My wise mother, who also survived a roller-coaster of a home renovation, gave me this counsel when we were last together:
“You’ll come up against frustrating limitations when working on an old house. But approach each of those challenges as an opportunity for creativity. You may find that those areas become some of your favorite features of the house.”
We are taking this advice to heart, after recently learning that the structural engineer has recommended another beam on the top floor, dropping the ceiling a few inches in the kids’ bathroom and jutting out in a weird way in our bedroom and the guest bedroom. This was initially received as a bummer.
But after talking with our clever architect, we think we’ve arrived at an interesting solution that doesn’t look as random: Adding some wood-wrapped faux beams in the bedrooms, to partner with the necessary one, thus creating more of an intentional effect (rather than a single beam hanging out, all alone, in a funky place in the ceiling).

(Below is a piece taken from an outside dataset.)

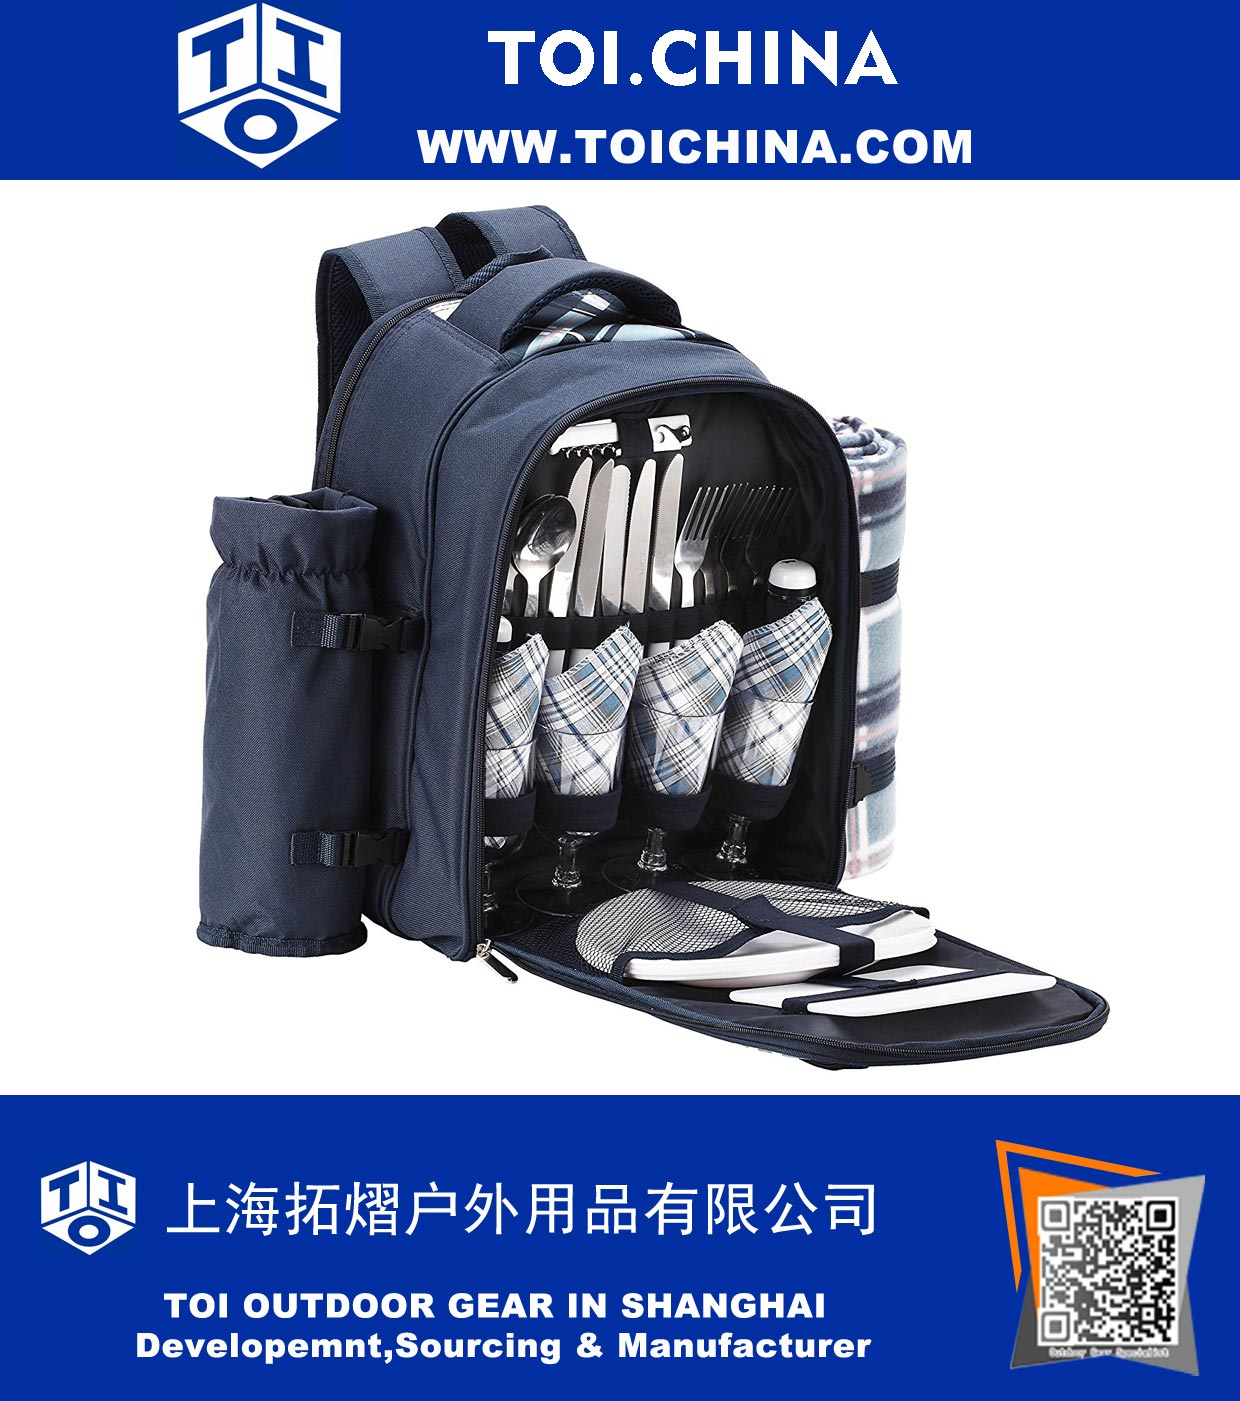 4 Person Blue Tartan Picnic Backpack With Cooler Compartment, Detachable Bottle/Wine Holder, Fleece Blanket, Flatware and Plates

The master bedroom opens up to a vaulted ceiling, so entering the room under these new beams creates a feeling of “compression and release,” as our architect described it. I like this concept a lot, and I am running with it, especially in the upstairs of the house, where there are many challenges and thus ample places to exercise creativity.
All of this makes me grateful to be building on an existing house with history, even though it certainly means more quirks and problems and wrenches thrown.

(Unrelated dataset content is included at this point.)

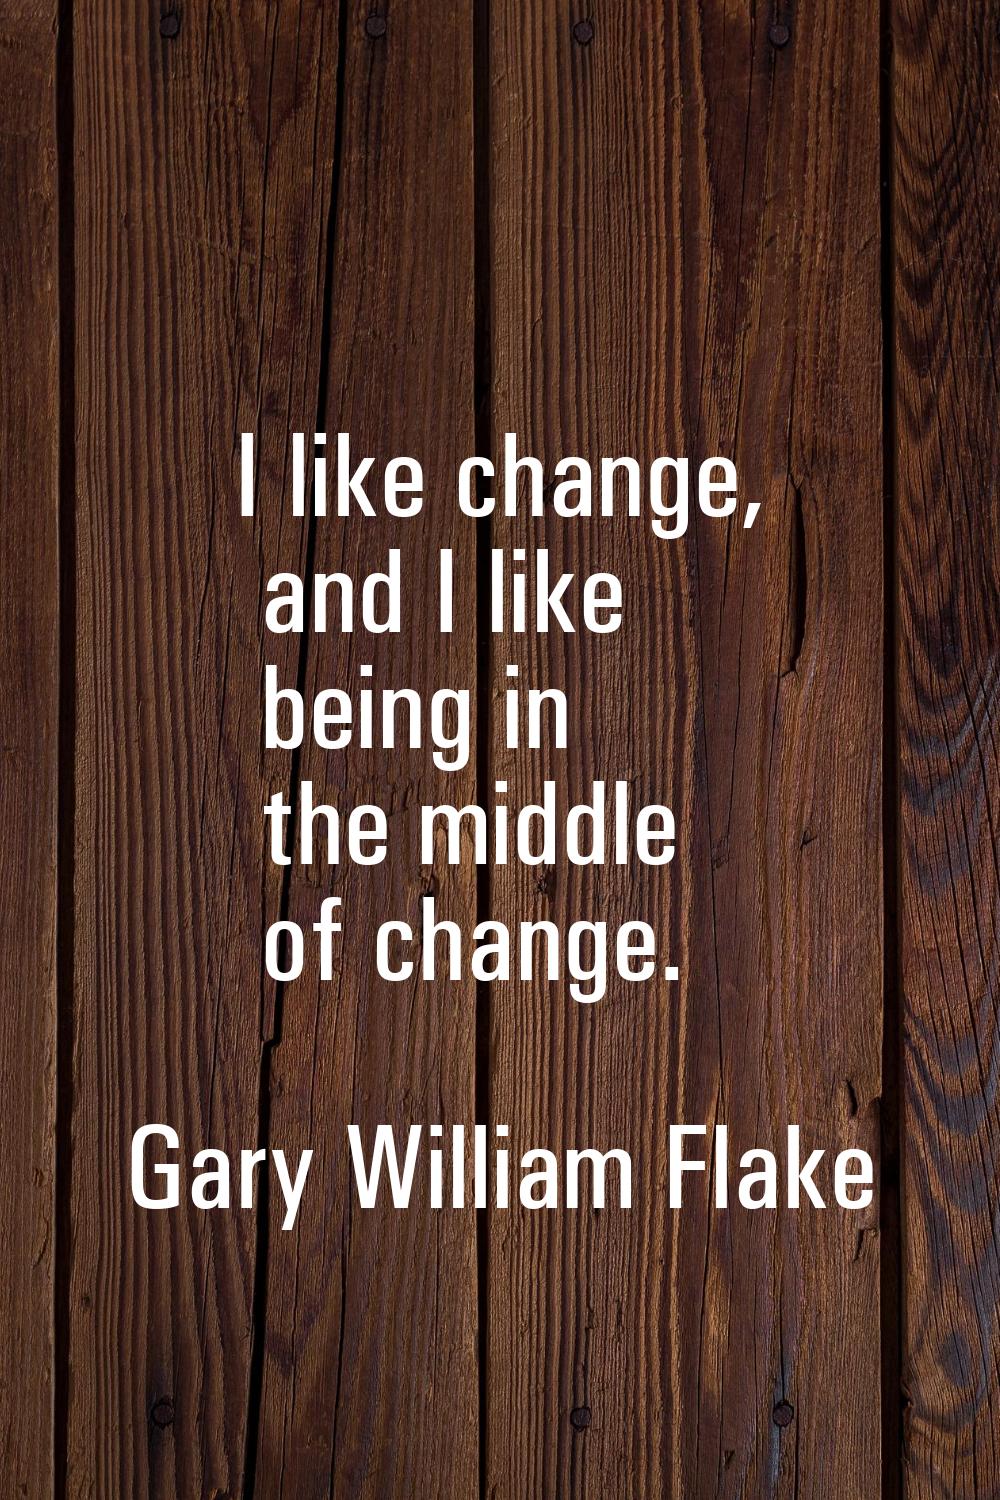 I like change, and I like being in the middle of change.

I think I’d feel an immense amount of pressure to get everything perfect if we were building a new house from the ground up. Instead, we have to work within these constraints, even (especially) the unpleasant ones. As ever, all of this is a further opportunity to give thanks, that we even have the chance to embark on this project at all. These are the lessons and mantras we’ll surely be repeating to ourselves for the next six to eight months.
Simple mantras are helpful, I suppose, in the gleeful wreckage of our pandemic lives.
Meanwhile, demolition is under way, and this is the view from the kitchen into the dining room:
The wall to the left will be coming down and opening up into the new family room. On the right, we’ve planned for a wall of built-in cabinets with bookshelves and a bench seat under the window (which I am very excited about, even though it’s quite the handsome sum of money; cabinetry is apparently quite complex and important to get right). I can already envision Moses and Felix squabbling over books in the bench seat, and the vision fills me with delight.
I’m overflowing with anticipation and yet also feel like I’m walking underwater most of the time. Is it still January? How.